In the wake of the Scott Lee Cohen scandal, State Rep. Will Burns has reintroduced his bill to create a statewide public-financing option for legislative, executive, and judicial races.
The Scott Lee Cohen debacle brought with it a number of of political lessons for Illinois Democrats. It exposed the need for a stronger party chairman and shed light on how ineffectively party leaders vet candidates. It also should remind Illinois citizens of the need to further strengthen campaign finance reform. After all, had Cohen not spent more than all of his Democratic challengers combined -- using his own money, no less -- there's little chance that he would have clinched the lieutenant governor's nomination last week.
As Cohen story subsides, State Rep. Will Burns (D-Chicago) is taking another crack at reining in the electoral influence of private interests and amplifying the voices of small donors. Today, he reintroduced the Lincoln Act (HB 5692), which would create a statewide public-financing option for legislative, executive, and judicial races. If the General Assembly were to approve the measure, Illinois would be the seventh state to create a framework for viable candidates to tap into public money. In doing so, the bill would help level the playing field for those candidates facing deep-pocketed competitors.
As regular readers may recall, the proposed system would work this way: First, candidates would have to demonstrate their viability by raising a certain amount of small contributions from Illinois residents. Once that threshold had been exceeded, they would qualify for a three-to-one public match on donations between $5 and $500.
The measure faces long odds. And the biggest challenge is finding money to pay for it. If all candidates running for an executive or legislative office opted for public financing during a gubernatorial election year, it would cost the state $100 million. But that's unlikely to happen. And some of the funding hurdle could be cleared by creating an income tax check-off or hiking lobbyist registration fees. Burns isn't committing to a revenue source just yet.
On the judicial side, the biggest obstacle has been House Speaker Mike Madigan; he has routinely allowed similar bills (SB 2144 and HB 2631) to languish. That shouldn't come as any huge surprise, considering that such reforms would curb the power of statehouse leaders to determine who rises to the top in legislative contests.
That said, supporters of the bill potentially have an additional asset this year: an advocate for public financing now sits in the governor's office. Last year, Gov. Pat Quinn displayed no shortage of enthusiasm for a so-called "clean election" system when campaign finance reforms were being negotiated. "Quinn seemed more interested in public financing than contribution limits," says David Morrison of the Illinois Campaign for Political Reform. "If he would say, 'This is the way we ought to go,' that would go a long way. We'll see."

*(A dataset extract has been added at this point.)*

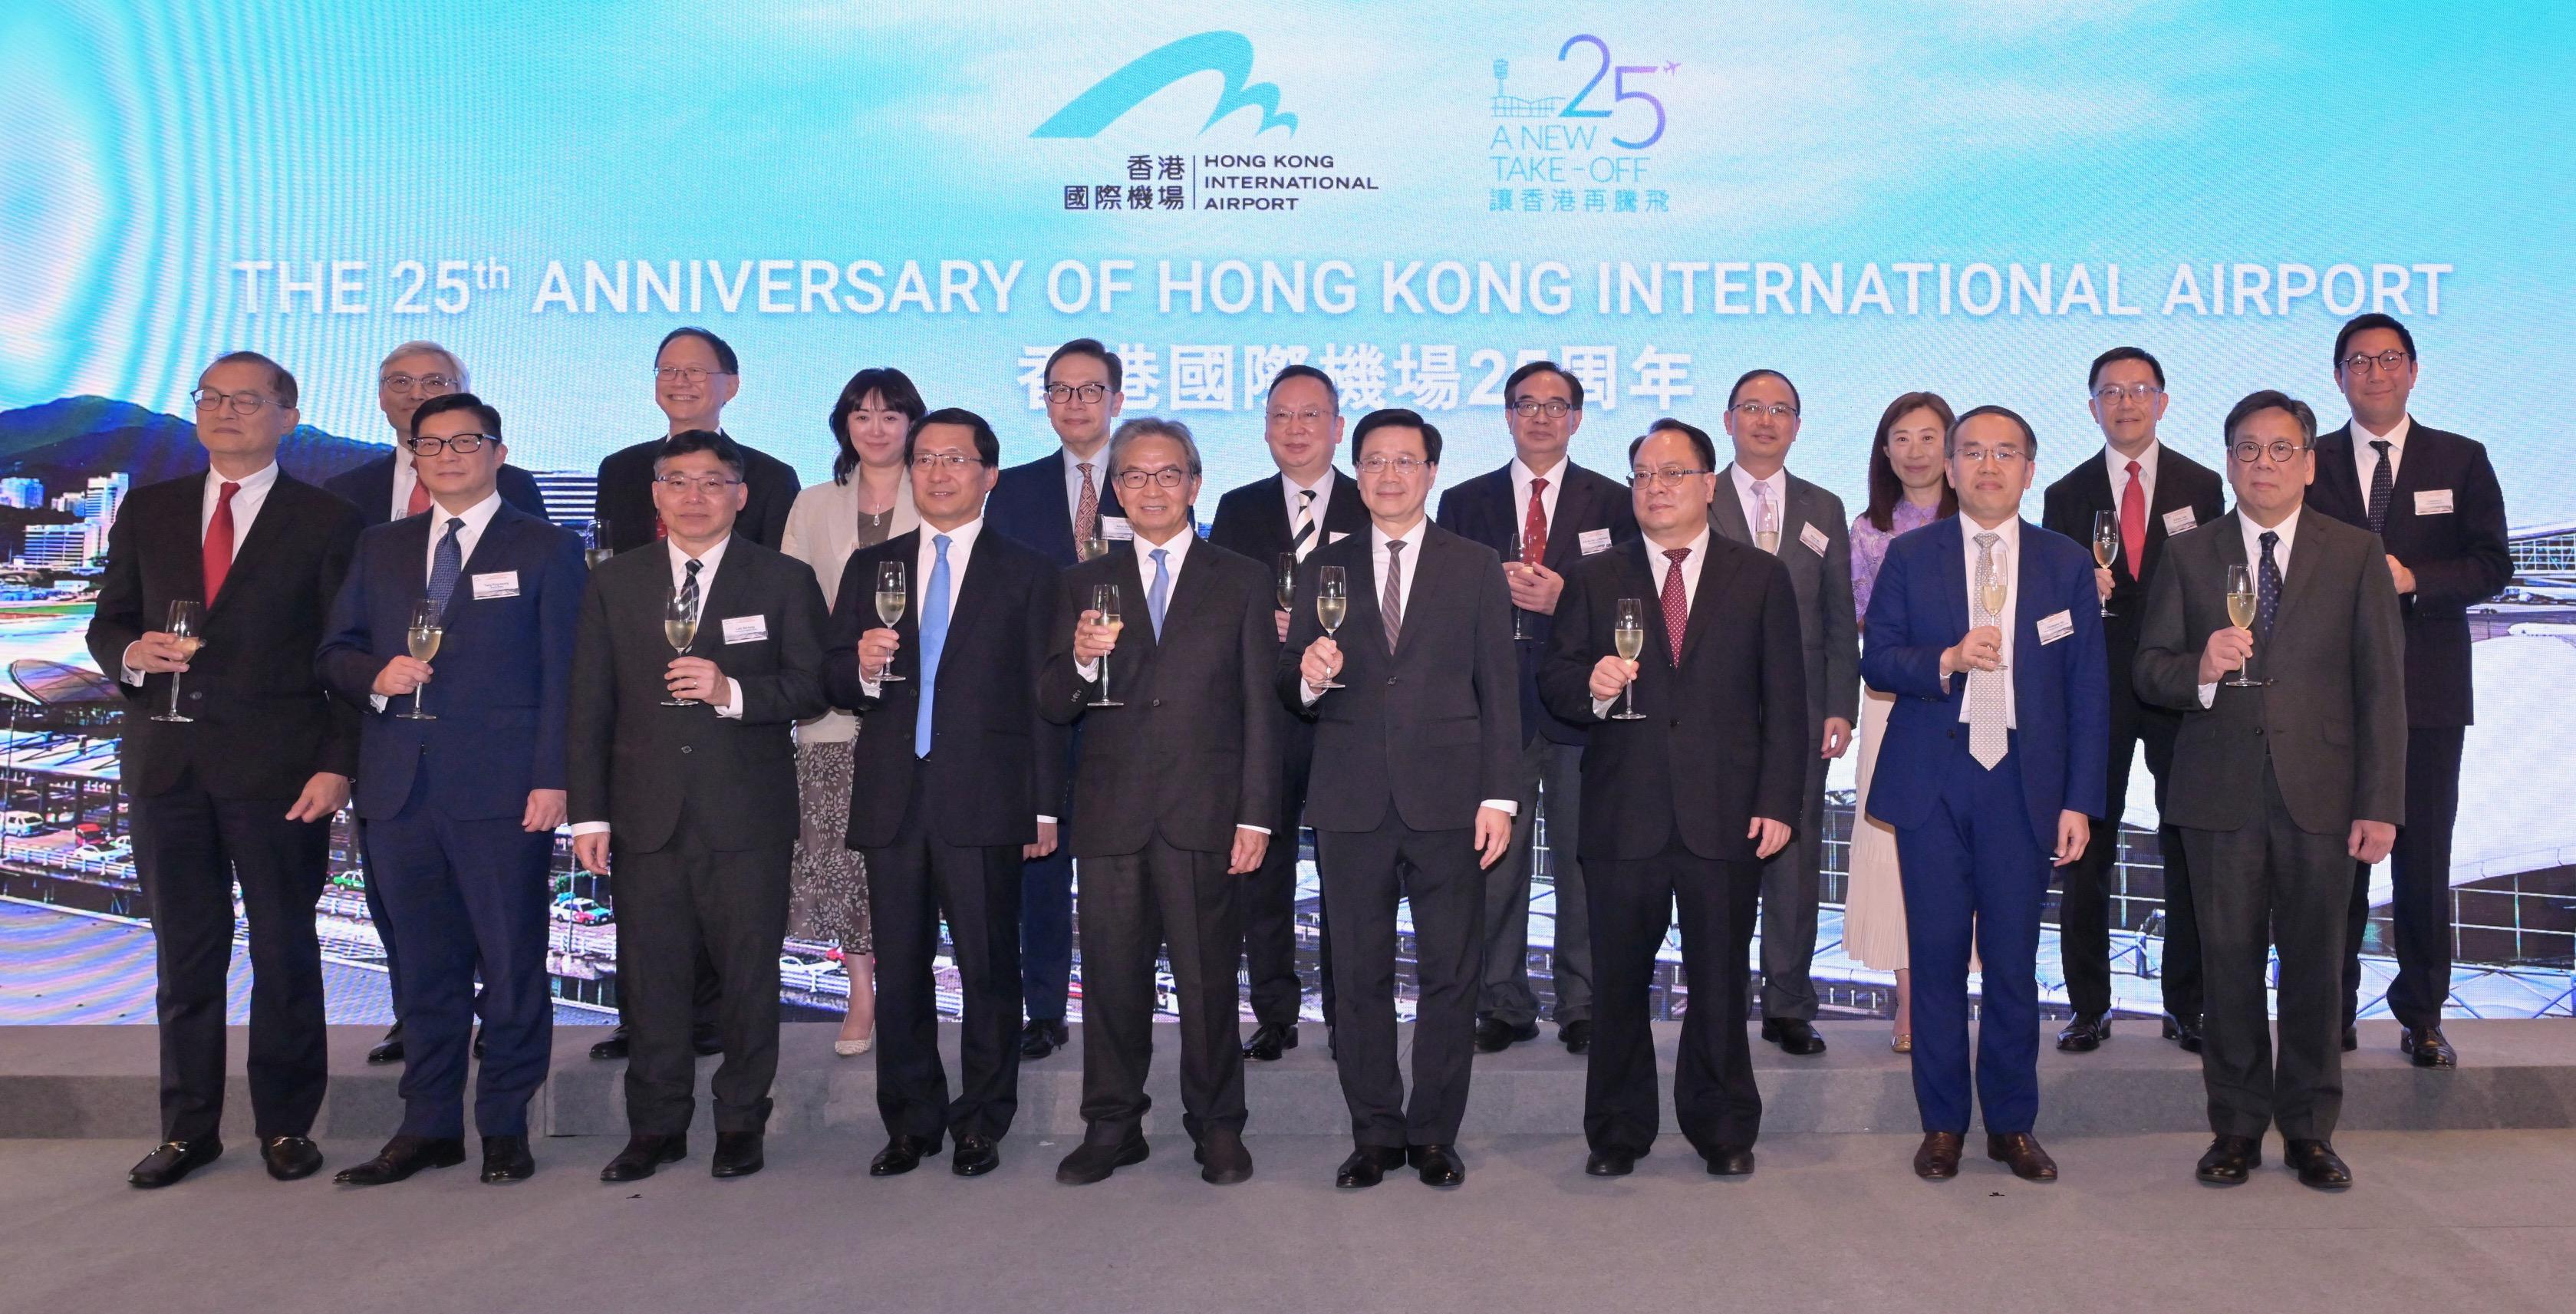 The Chief Executive, Mr John Lee, attended the cocktail reception in celebration of the 25th anniversary of Hong Kong International Airport today (July 10). Photo shows Mr Lee (front row, fourth right); Deputy Commissioner of the Office of the Commissioner of the Ministry of Foreign Affairs of the People's Republic of China in the Hong Kong Special Administrative Region Mr Pan Yundong (front row, third right); the Chairman of the Airport Authority Hong Kong (AAHK), Mr Jack So (front row, fifth left); the Chief Executive Officer of the AAHK, Mr Fred Lam (front row, fourth left), and other guests at the reception.

As part of the reform package adopted last year (which include some limits on the sort of loans that Cohen gave himself), a task force will convene this summer to evaluate, among other things, the public financing option. Only time will tell what the members (eight appointed by legislative leaders, three by the governor's office) will come up with and how Madigan will react.
Would such a system eliminate the sort of embarrassment caused by Cohen's election? That's debatable, Morrison tells us. "Is there ever going to be a candidate that could overwhelm public financing? Sure," he says. "But you don't have to outspend. You just have to get your message out."